As always, we will provide a thorough rundown of what happened during this legislative session in our annual Legislative Report. Keep an eye out for it in the coming weeks. Until then, you can find recent highlights below.
Late last night, HB3445 passed containing language to give Ameren, a downstate utility company, a “right of first refusal” to build regional transmission lines in southern Illinois. Transmission is critical to meeting our clean energy goals in CEJA. This action could be costly and time-consuming, further delaying clean energy adoption downstate. This language was introduced on Wednesday and sped along despite environmental, consumer, and business opposition. On Friday, the bill received 63 votes, three votes more than the 60 needed to pass. However, the Governor publicly vowed to veto this bill. His veto would need 71 votes to be overridden by the legislature. That’s good news. It means we’ll need to work to keep lawmakers opposed to this bad policy, but we are in great shape to fight it and win this fall.
The Illinois House and Senate passed two disastrous bills that will increase vehicle miles traveled and thus climate emissions and diesel pollution in environmental justice communities. HJR23 is an authorizing resolution to move forward the I-55 managed lane proposal. Communities in southwest Chicago are concerned that this proposal, which adds four 80-mile lanes to I-55, will increase the number of diesel trucks in an already overburdened community. HB2878 includes a particularly problematic provision to increase public-private partnerships to include new governmental units and removes regional planning organizations from the process. This proposal has no guardrails to protect taxpayers, no environmental or climate protections, and no ethics provisions. HJR23 passed 39-11 in the Senate and 88-3 in the House. You can view how your lawmakers voted here in the House and here in the Senate. We will be working with our community partners on next steps as the I-55 project moves forward and the public-private partnership bill heads to the Governor’s desk.
The budget included some great environmental protections related to conservation and water quality. We were pleased to see soil and water conservation programs returned to near-level funding after threats of a 50% cut earlier this year in the Governor’s proposed budget. This included an $18 million allocation to the Partners for Conservation Fund, a critical piece of funding supporting sustainable agriculture initiatives in SB1701, the Healthy Soils and Waters Initiative. There were also sustained levels of funding for open space conservation and acquisition, which had set a new high record in FY23.

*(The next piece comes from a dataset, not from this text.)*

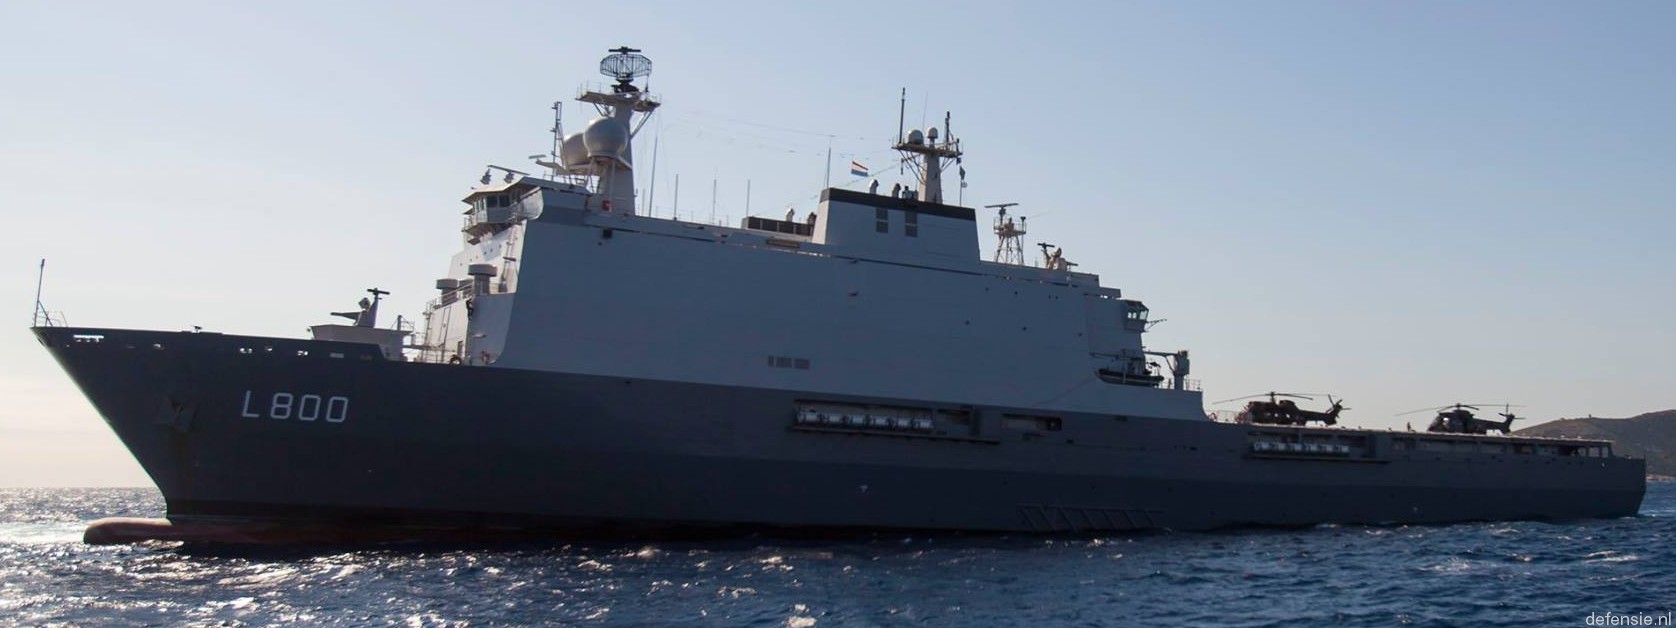 l-800 hnlms rotterdam amphibious landing ship dock lpd royal netherlands navy 20

We were disappointed to see cuts to the electric vehicle rebate program, which was only partially funded last year, leaving EV purchasers upset at the lack of funding. On a brighter note in the fight against greenhouse gas emissions, $30 million has been set aside to shut down the coal boiler which services the Capitol complex, a great example of the State leading by example in its energy policies.
On a brighter note in the fight against greenhouse gas emissions, $30 million has been set for climate reductions at the Illinois State Capitol, pushed by the new Illinois Secretary of State.
The House and Senate won’t return to Springfield until the veto legislative session in the Fall. In the meantime, IEC and our partners have already begun strategizing about how we can make more aggressive progress on our biggest environmental priorities.